Los Marcos De Realidad (o las fotos sin portarretratos)
Hace días que intento sentarme a escribir un texto, pero no logro exprimir nada decente. Tengo iteraciones salpicadas. Tengo deseos pero se me van al momento que me siento frente al teclado. Escribo en los buses, pienso secuencias literarias con bandas sonoras (no es raro verme por la calle cantando, corriendo y lógicamente hablando solo). Y también, como seguramente ya habrán adivinado, suelo escribir sobre mi imposibilidad de escribir
Pero hoy no tengo ganas de ponerme en torturado, oscuro, simbiótico o pesimista. Hoy tengo ganas de volcarme para el piso. No por el piso, sino aterrizar un ratito.

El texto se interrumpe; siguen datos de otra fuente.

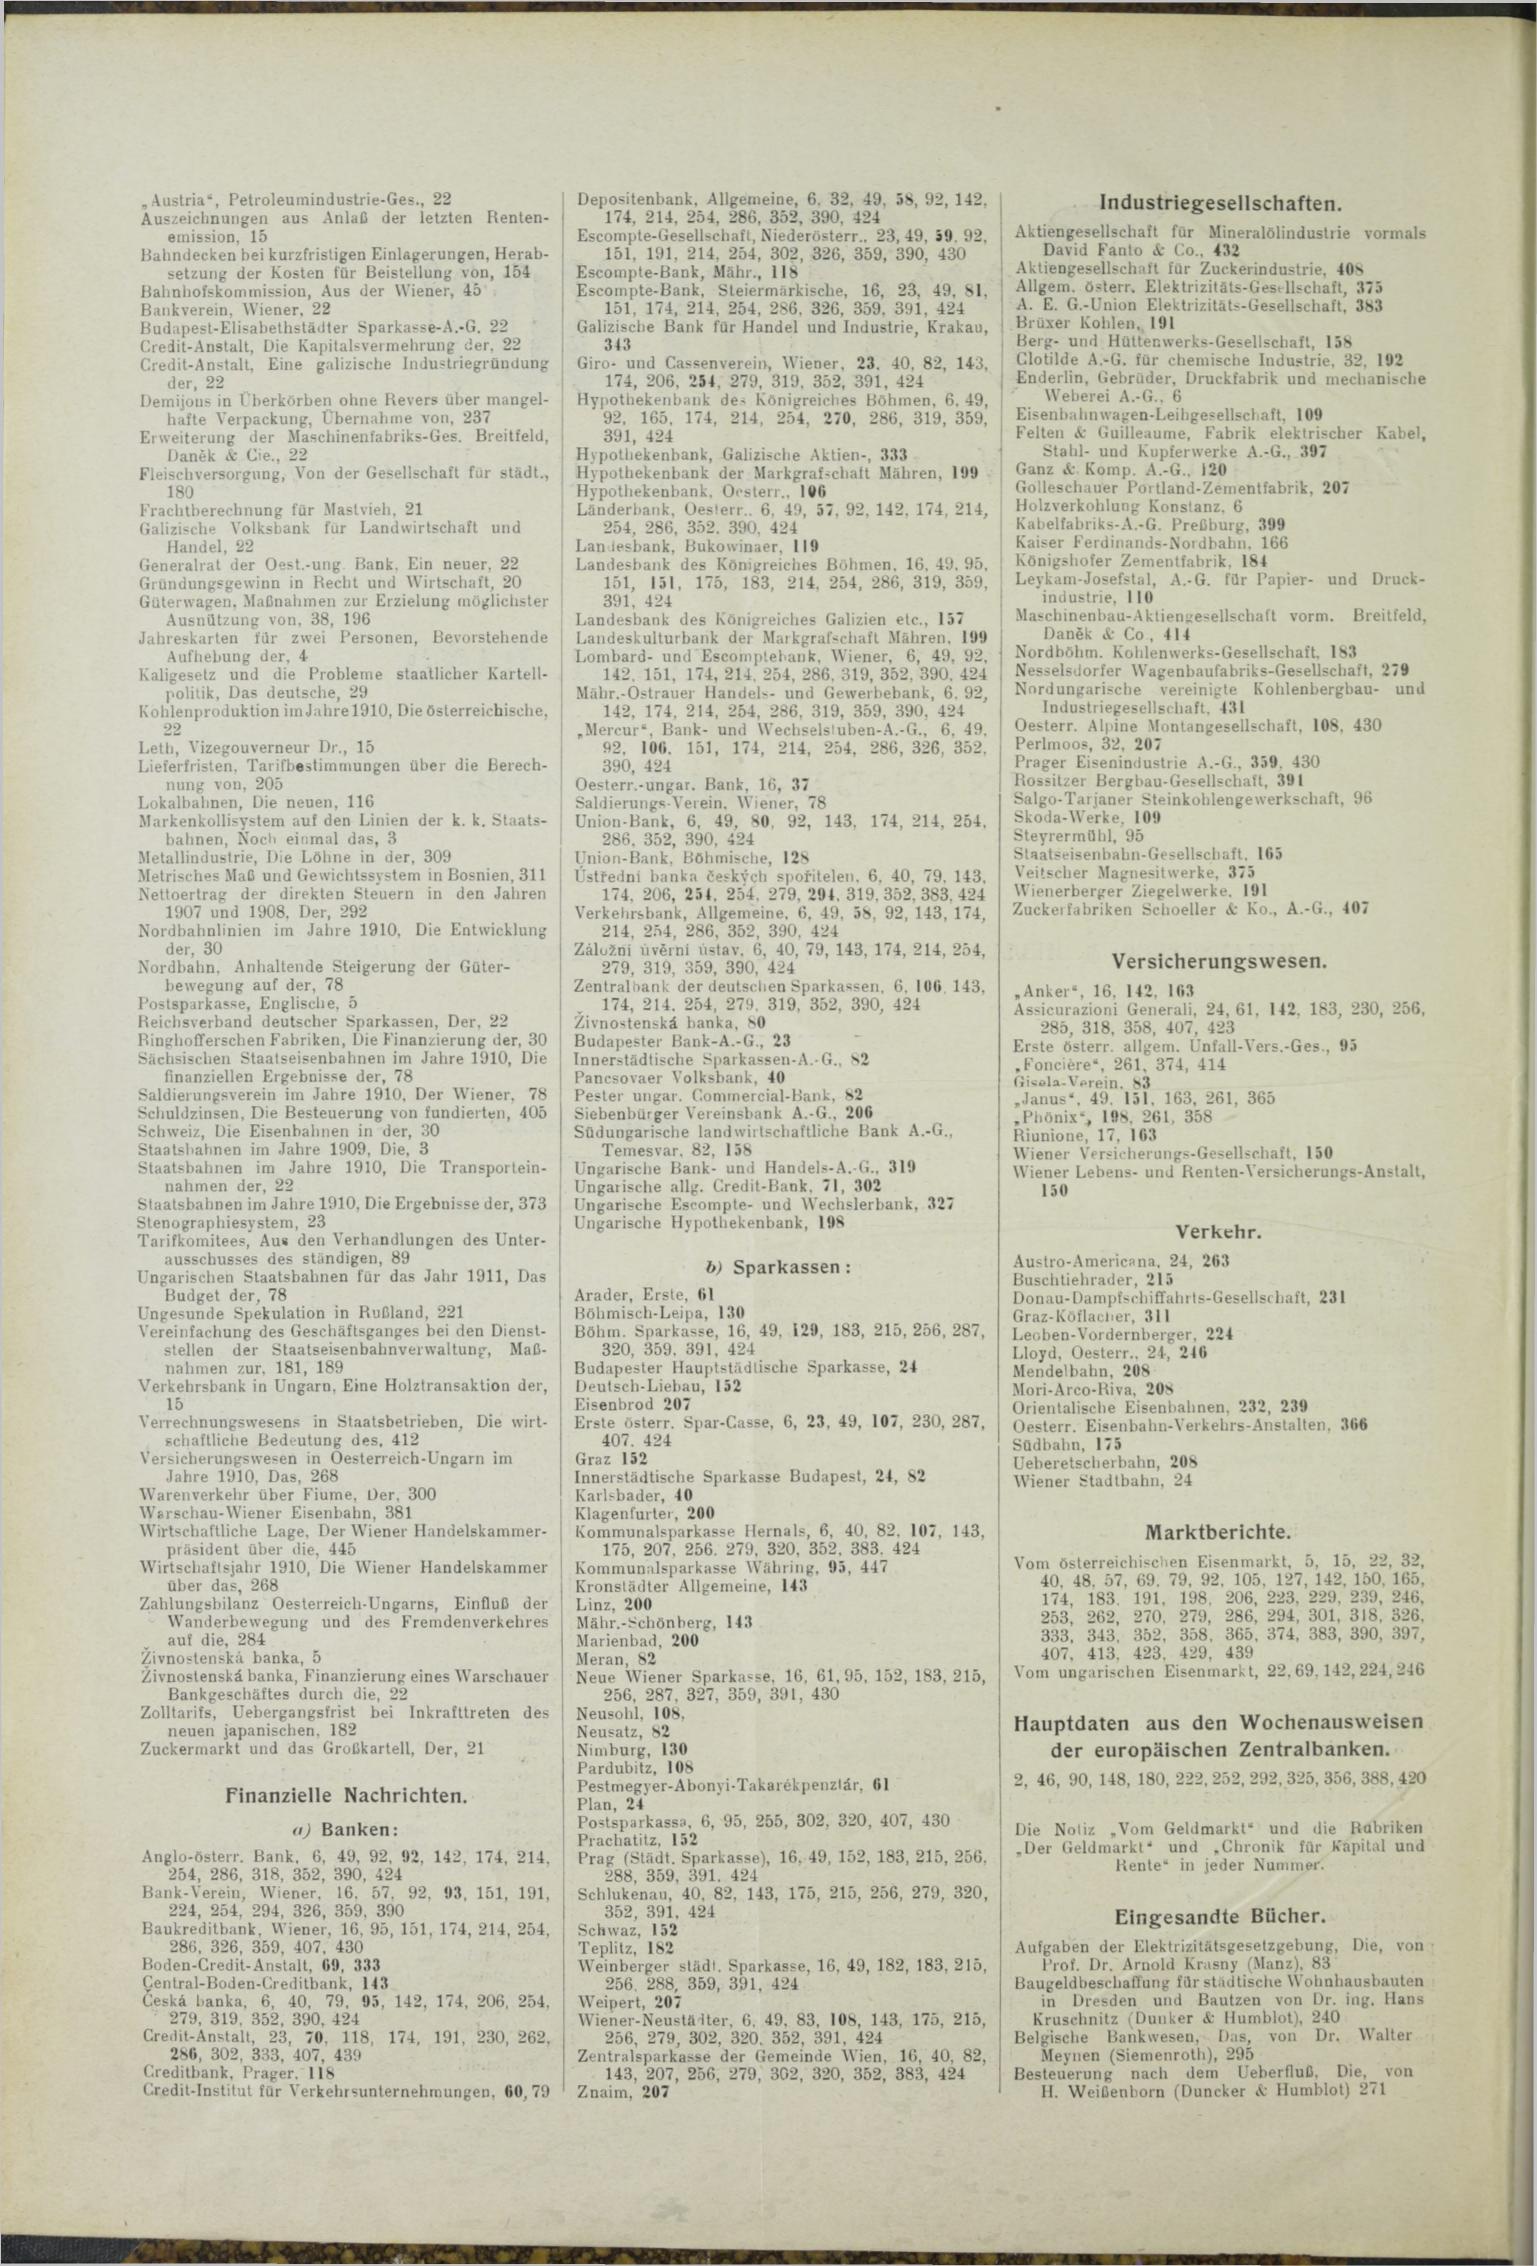 Der Tresor 08.07.1911 - Seite 10

Cada vez que noto una bola de fuego aproximándose, despejo el área y danzo cual pato en celo en busca de atraer al cataclismo. Y si no es tan grave, bailo más fuerte a ver si se me enoja y me pega con rabia. Un sadomasoquismo irreal, poco orgánico. Un mecanismo de autodestrucción ejemplar. La pregunta sería... ¿Dar el ejemplo de que puntualmente?
No logro concebir una salida pacífica para este mal de ardores otoñales superfluos. Porque no la busco tampoco. Estoy parado en el medio de un escenario donde un adulto y un retoño juvenil representaría la revelación del misterio tabú referido a la no existencia física de Papa Noel. Y yo soy el niño, a quien le dicen, "no existe el gordo de barba".
En vez de llorar ríos de pena infantil y pureza a las rocas, me alegro. Me sonrío. Me regocijo. Con cara de cansado y actitud acuática. Nadando en una pileta de viscosidad, como de alcohol en gel pero sin quemar, sin desinfectar. Simple y sencillamente nadando en un ambiente inesperado.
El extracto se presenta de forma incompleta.